Wednesday, February 28, 2018

Struggles of a Rust Novice - Annoyances and Stumbling Blocks

Over the past few weekends, I've been spending time investigating more of the Rust language. Along with the web trifecta (HTML, CSS, JS) and OpenFrameworks, this is one of the things I've been meaning to spend some time learning/playing with this year.

It's a funny kind of language, as I've previous noted during my very brief foray into some simple things from last year) - On one hand, a lot of the concepts seem nice/vaguely familiar to stuff I've played with in other languages, making it sometimes feel deceptively easy to use. But then, you go to compile the code, and proceed to spend the next 30-60 minutes trying to find a way to convert various things into the right types that the compiler insists you need. Admittedly, it's quite frustrating work at times (see notes on String handling below), but, it pales in comparison to the blackhole and deranged hell that is web-based dev (i.e. CSS-based Layouts in particular - aaaaaaargh!!! Despite now having "CSS Flow" and "CSS Grid", it seems that CSS Layouts and I still don't get along very much at all). Faced with a choice between the two (and having just done experienced both back-to-back recently), I'd much rather face the Rust compiler anyday.

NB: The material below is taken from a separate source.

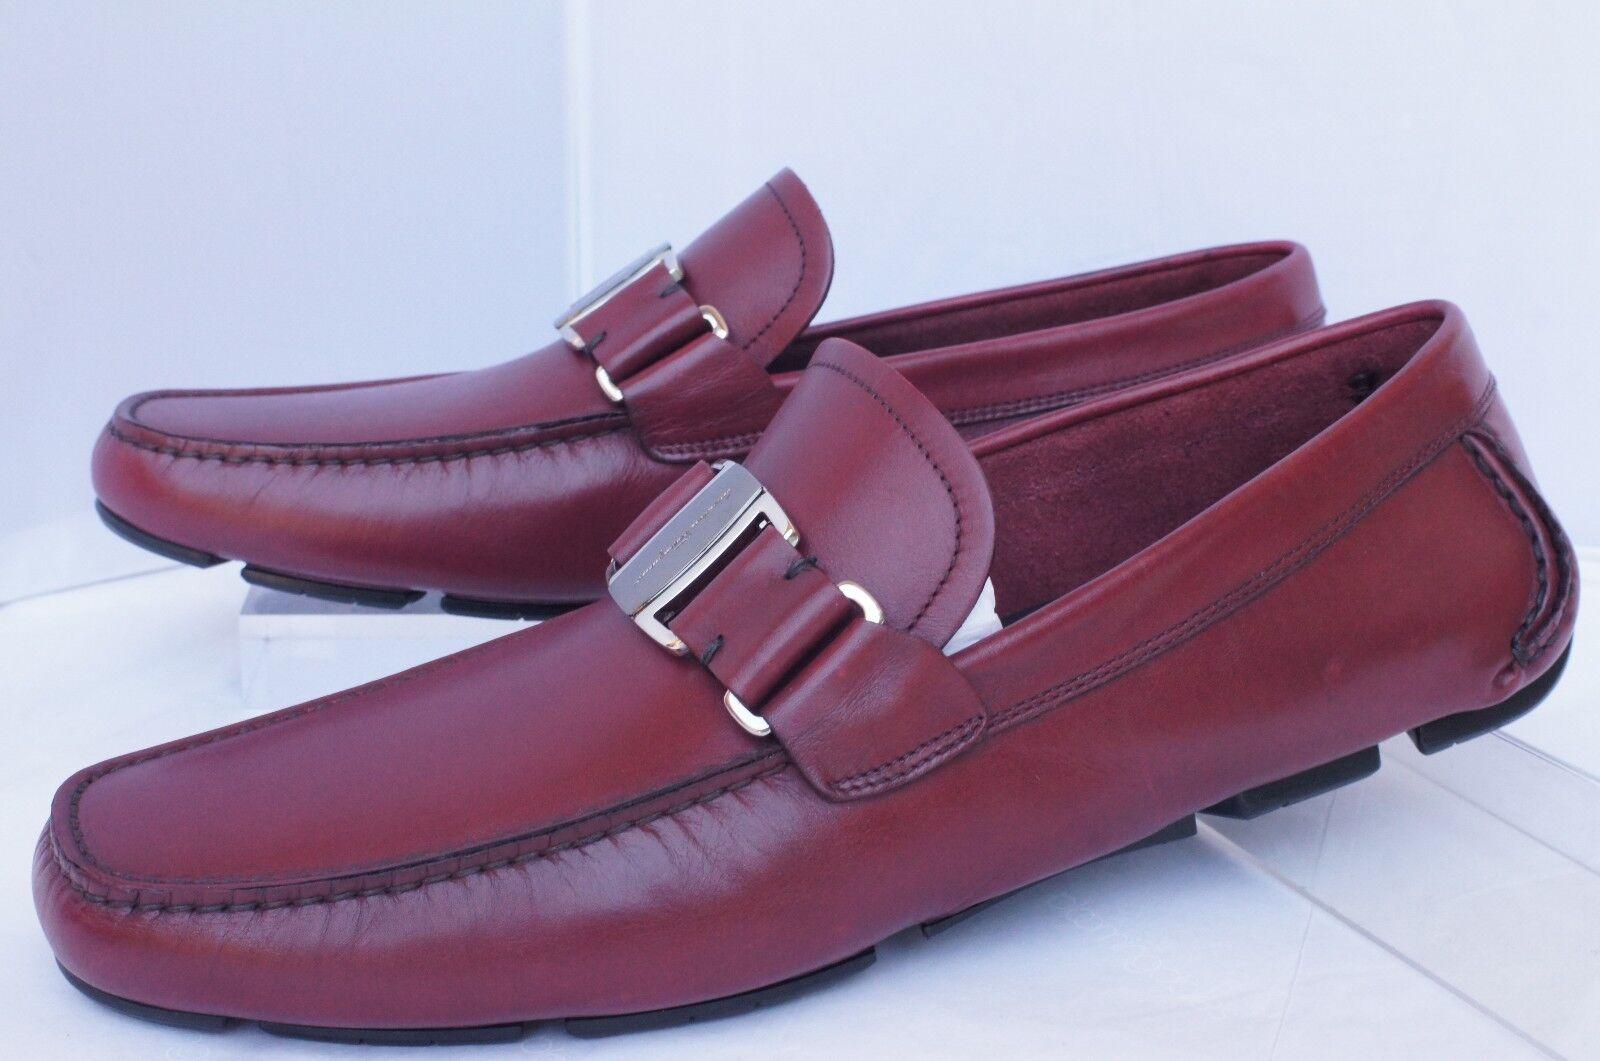 11 e shoe size

Anyway, to actually get a proper feel for the language this time, I decided to use this opportunity to bash together a little processing tool that I was going to need for another one of the many projects I'm working on atm:
That is, a tool to take XSPF playlists generated by VLC (and containing a carefully sequenced list of music I've composed/recorded over the past year), extract the filenames (and process them to unpack/extract-out the important identifying bits of metadata I was embedding in the filenames), and then spit all this info out into a more easily consumable format (e.g. JSON).  
Sure, I could've done this all in Python (though it lacks a XML library that just gives me the DOM element tree with no "namespace" tag mangling, etc.), or a mix of VLC + Python (i.e. saving out a m3u list - 1 line per track - then processing that in Python), but this way was going to be more fun (and a good way to throw something a bit meatier/realistic at Rust than the toy-examples I'd been playing with) :)

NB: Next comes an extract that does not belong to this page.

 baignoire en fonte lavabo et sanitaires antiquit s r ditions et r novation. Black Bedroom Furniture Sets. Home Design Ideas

Hopefully the following post will be enlightening to some people out there - both other newbies stuck and struggling to get their heads around certain things they keep running into, but also for the Rust dev team in their self-professed "ergonomics drive" to lessen the humps that new devs face when learning Rust.


1) String Handling
I mentioned this last time, and I'm still ranting about it a year later, but IMHO, I still find the string handling situation to be absolutely nuts. There are something like 4-5 different types of strings you'll commonly need to encounter (and in particular, the first 2-3):
 * String
 * &str
 * &'static string
 * str   <--- Well, maybe not this one... It hardly ever comes up in any meaningful way, but I've incldued for completeness
  * OsString

Coming from languages where there is only a single string type that you to really care about (i.e. "str" in Python, "String" in Java, and "char *" in C - if you can call it a string-type :P), and where "string literals" do the expected thing and just get automatically converted/coerced into the appropriate types, the string-handling situation here is a bit bonkers. Perhaps it's not as bad for C++ people - after all, they have to deal with "std::string()" & ".c_str()" on top of good ol' "char *", let alone the likely propect that each library they include ends up bringing along its own string wrapper class (with all the associated trouble that brings).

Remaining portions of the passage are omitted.